= European Federation of Psychology Students' Associations =

The European Federation of Psychology Students' Associations (EFPSA) is a non-profit and non-governmental student's organization that encompasses psychology student associations from all across Europe. The association currently consists of 33 Member Organizations and two Observer Organizations, each represented by a Member Representative, who collectively form the legislative body of the Federation.

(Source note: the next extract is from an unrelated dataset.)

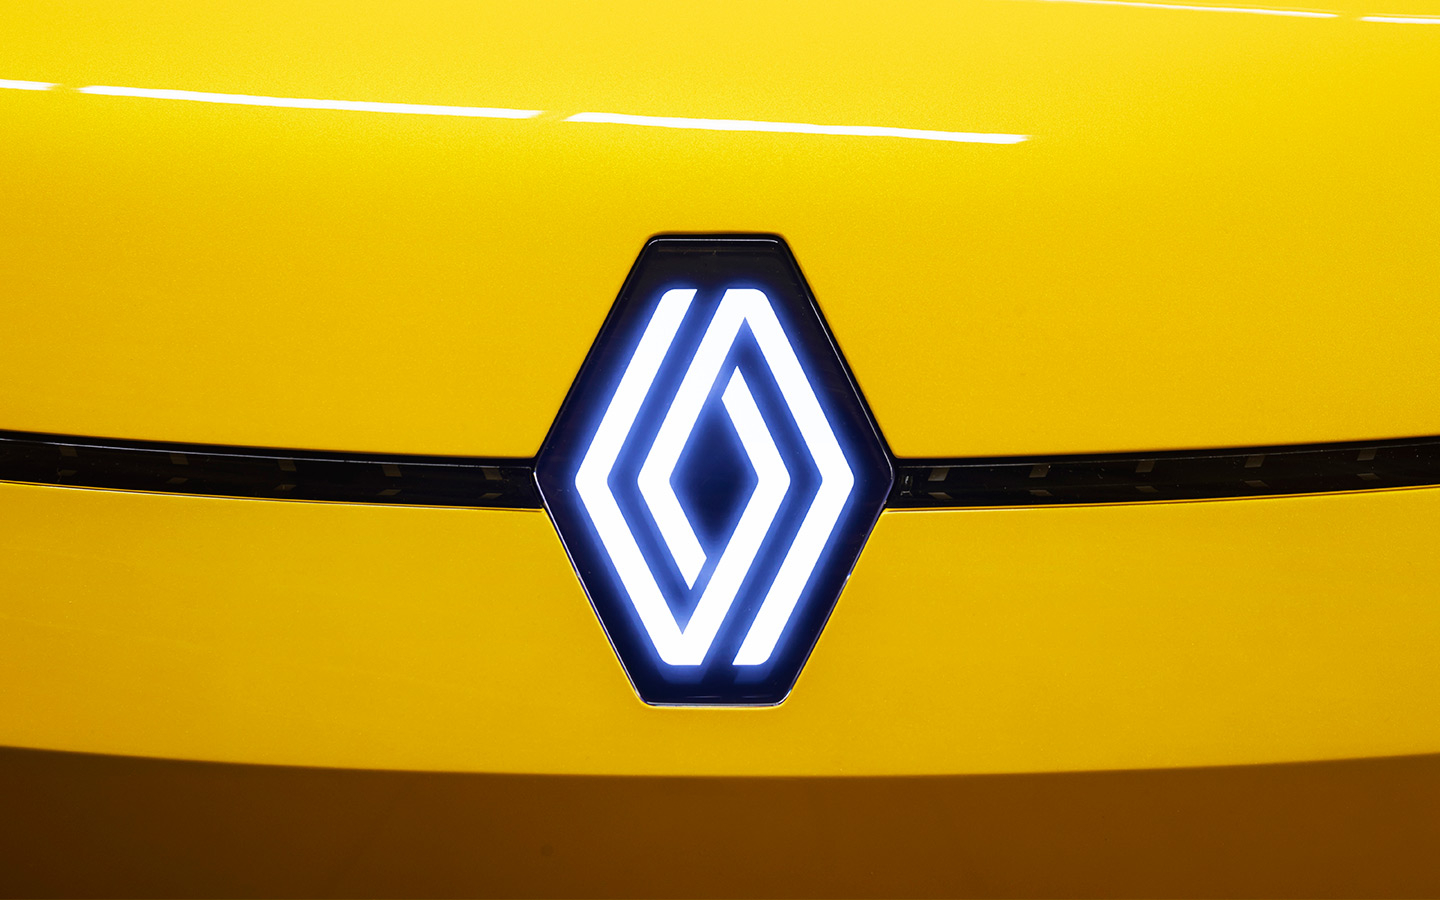 Фото: Renault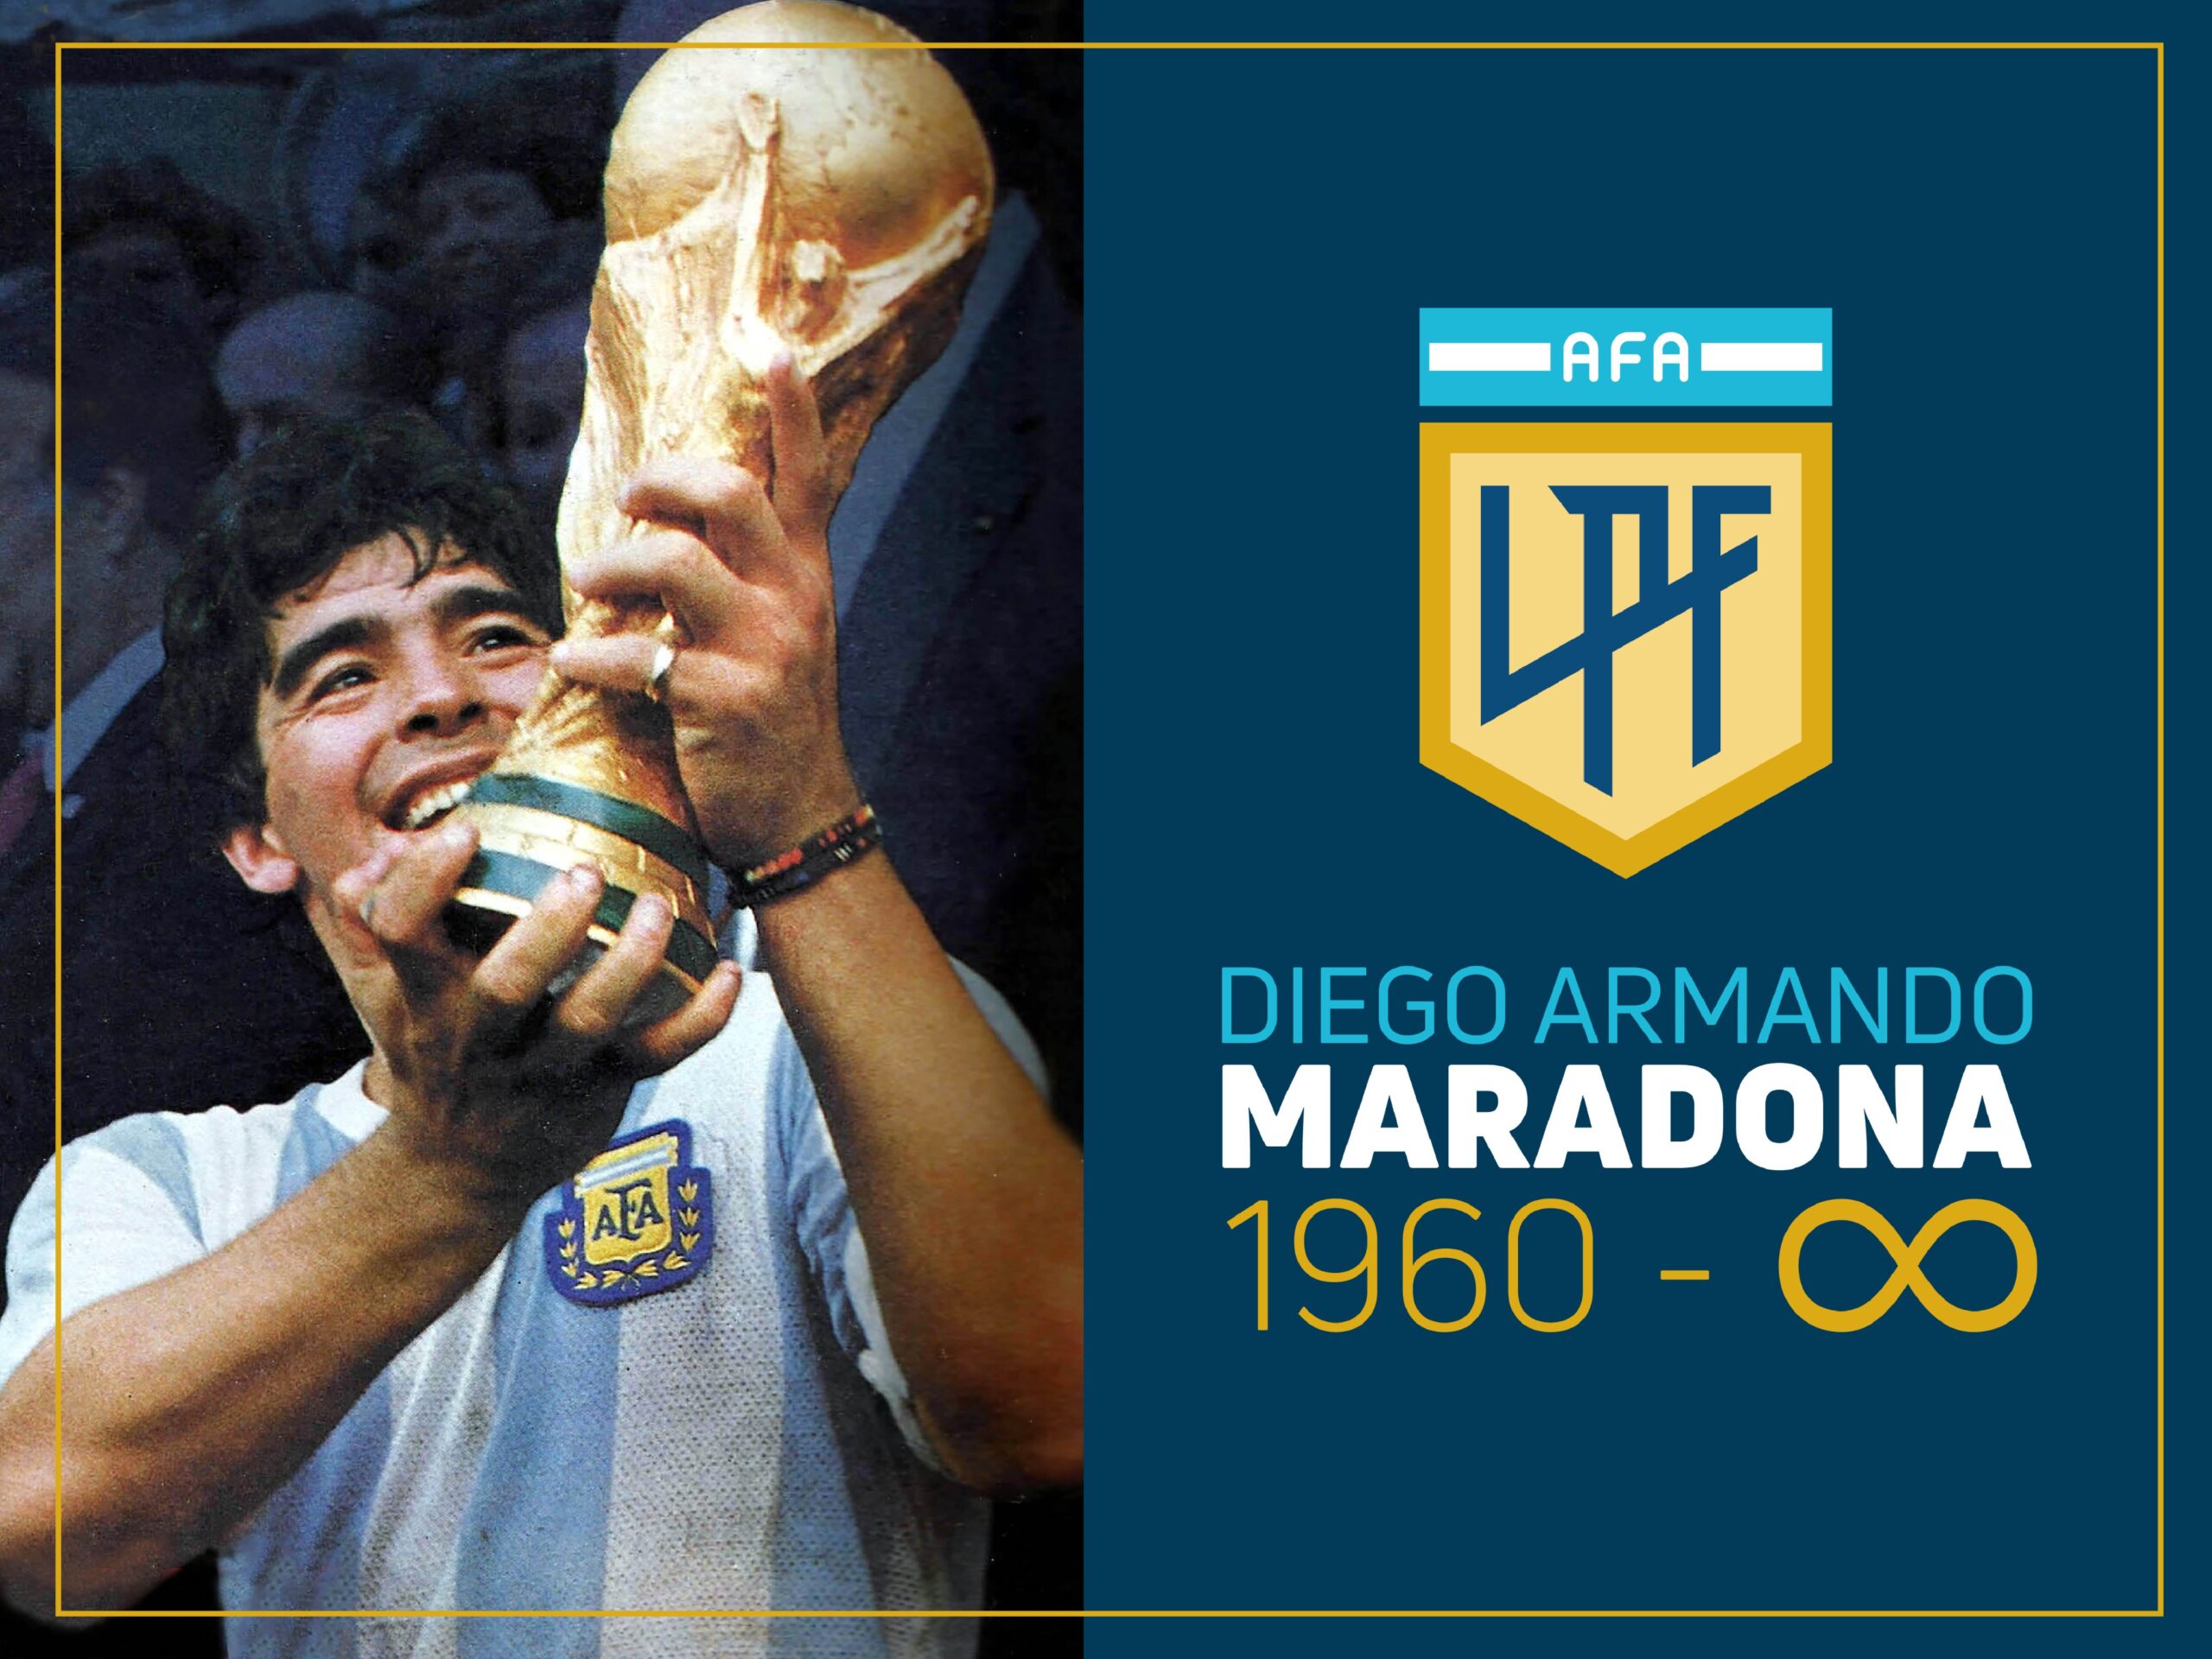 61º compleanno di Maradona, ecco le iniziative in Primera División

The work of the federation is perpetuated through the work of the Member Representatives (MRS), the Executive Board (EB) and the Board of Management (BM). The EFPSA provides psychology students with diverse opportunities for scientific development and self-development through its Events and Services. Additionally, EFPSA also aims to make a positive impact in society through a variety of campaigns while representing the interest and needs of psychology students on a European context.

==History==
EFPSA was founded in April 1987 at the University of Lisbon, Portugal where European psychology students from all over Europe had been invited to a meeting. Psychology students from eight European countries formed the European Federation of Psychology Students’ Associations (EFPSA). At this time, the EFPSA initiated its first project, the EUROPSYCHO-Database on education and exchange.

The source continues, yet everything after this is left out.